To perform any kind of data processing, we need to know the type of input we have to provide and the expected format of output. In most R functions, it is difficult to understand from function names what type of input they accept and what the expected outputs are. Function names in plyr packages are much more intuitive and instructive about their input and output type. Each function is named according to the type of input it accepts and the type of output it produces. The first letter of the function name specifies the input and the second letter specifies the output type; a represents array, d represents data frame, l represents list, and _ (underscore) represents the output discarded. For example, the function name adply() takes input as array and produces output as a data frame. The following table gives us a complete idea about function-naming conventions used in the plyr package:

Input	Output
	Array	Data frame	List	Discarded
Array	aaply	adply	alply	a_ply
Data frame	daply	ddply	dlply	d_ply
List	laply	ldply	llply	l_ply

We can see that there are three types of input and four types of output. Users can easily get an idea of the types of input and output from the function names. Another interesting feature is that we do not need to learn all the 12 functions; rather, it is sufficient to learn the three types of input and four types of output.

Other than the function names in the table, there are some special cases of operating on arrays that correspond to the mapply() function in base R. In base R, mapply() can take multiple inputs as separate arguments, whereas a*ply() takes only a single array argument. However, the separate argument in mapply() should be of the same length. The mapply() functions that are equivalent to plyr are maply(), mdply(), mlply(), and m_ply().

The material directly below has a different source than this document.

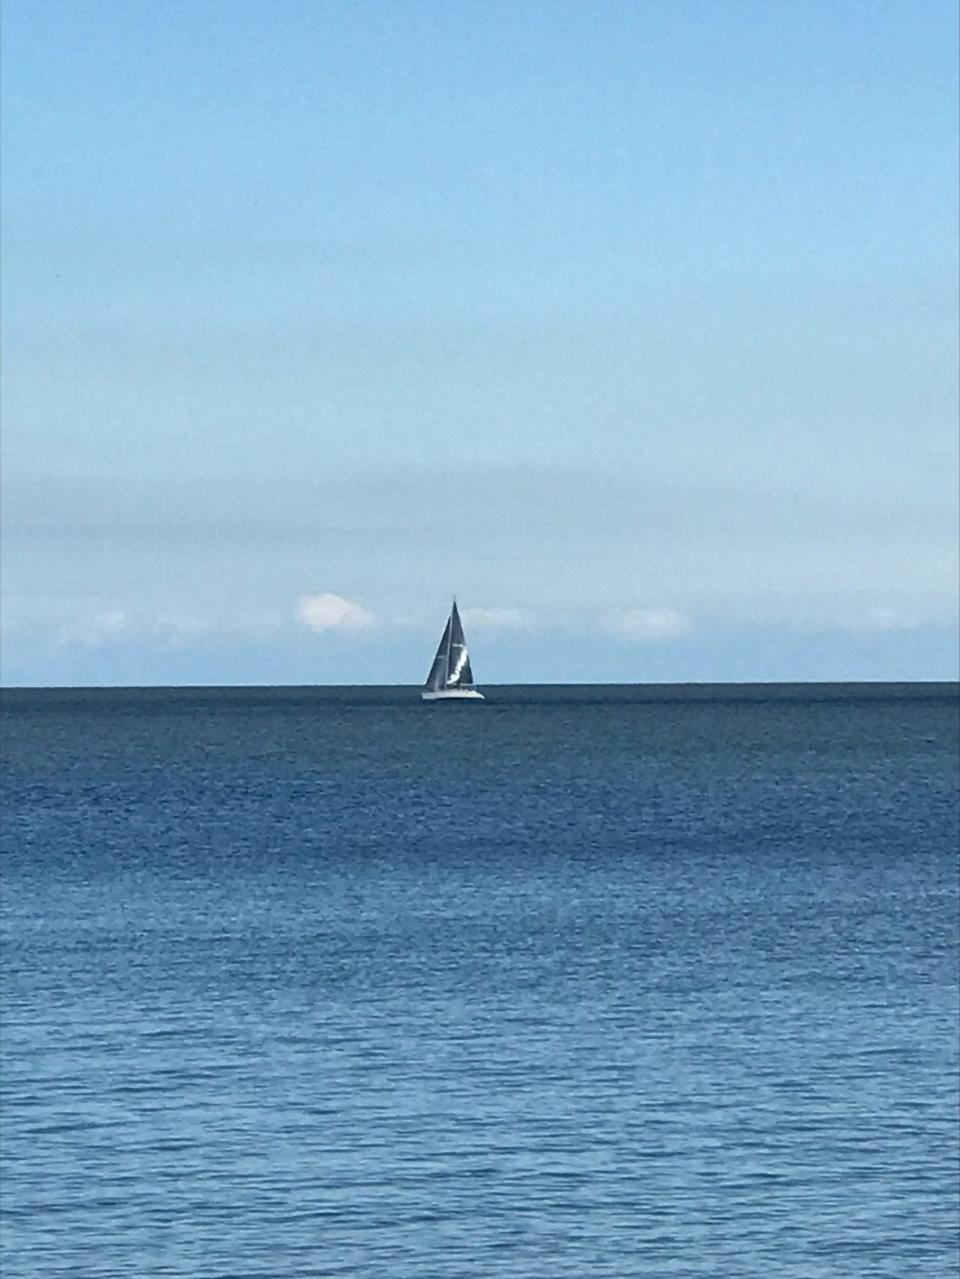 Come sail away. A lone sailboat crosses a calm Lake Erie. Provided by Jim Laroy

Note that whenever a function name is written using a star symbol, such as a*ply(), it indicates that the common input is an array. The output can be in any format: array, data frame, or list. Optionally, the output can be discarded.

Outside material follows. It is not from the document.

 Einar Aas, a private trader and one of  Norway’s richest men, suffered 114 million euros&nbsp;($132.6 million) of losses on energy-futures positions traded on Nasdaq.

To explain the intuitive nature of the input and output, we will now provide an example using the iris data that we used in an earlier example. This time, we will use the iris3 dataset; this is the same data, but stored in a three-dimensional array format. We will calculate the mean of each variable for each species as shown in the following code:

# class of iris3 dataset is array

class(iris3)

[1] "array"

# dimension of iris3 dataset

dim(iris3)

[1] 50 4 3

The following code snippet calculates the column mean for each species with the input as an array and the output as a data frame:

# Calculate column mean for each species and output will be data frame

iris_mean <- adply(iris3,3,colMeans)

class(iris_mean)

[1] "data.frame"

iris_mean

X1 Sepal L. Sepal W. Petal L. Petal W.

1 Setosa 5.006 3.428 1.462 0.246

2 Versicolor 5.936 2.770 4.260 1.326

3 Virginica 6.588 2.974 5.552 2.0266

The following code snippet calculates the column mean for each species with the input as an array and the output as an array too:

# again we will calculate the mean but this time output will be an # array

iris_mean <- aaply(iris3,3,colMeans)

class(iris_mean)

[1] "matrix"

iris_mean

X1 Sepal L. Sepal W. Petal L. Petal W.

Setosa 5.006 3.428 1.462 0.246

Versicolor 5.936 2.770 4.260 1.326

Virginica 6.588 2.974 5.552 2.026

# note that here the class is showing "matrix", since the output is a # two dimensional array which represents matrix

# Now calculate mean again with output as list

iris_mean <- alply(iris3,3,colMeans)

class(iris_mean)

[1] "list"

iris_mean

$'1'

Sepal L. Sepal W. Petal L. Petal W.

5.006 3.428 1.462 0.246

$'2'

Sepal L. Sepal W. Petal L. Petal W.

5.936 2.770 4.260 1.326

$'3'

Sepal L. Sepal W. Petal L. Petal W.

6.588 2.974 5.552 2.026

attr(,"split_type")

[1] "array"

attr(,"split_labels")

1 Setosa

2 Versicolor

3 Virginica

Input and arguments

The functions in the plyr package accept various input objects: data frames, arrays, and lists. Each input object has its own rule to split the process. In this section, we will discuss input and arguments. The rules of splitting can be described shortly as follows:

· Arrays are sliced by dimension into lower dimensional pieces, and the corresponding common function is a*ply(), where the array is the common input and the output can be one among an array, data frame, or list.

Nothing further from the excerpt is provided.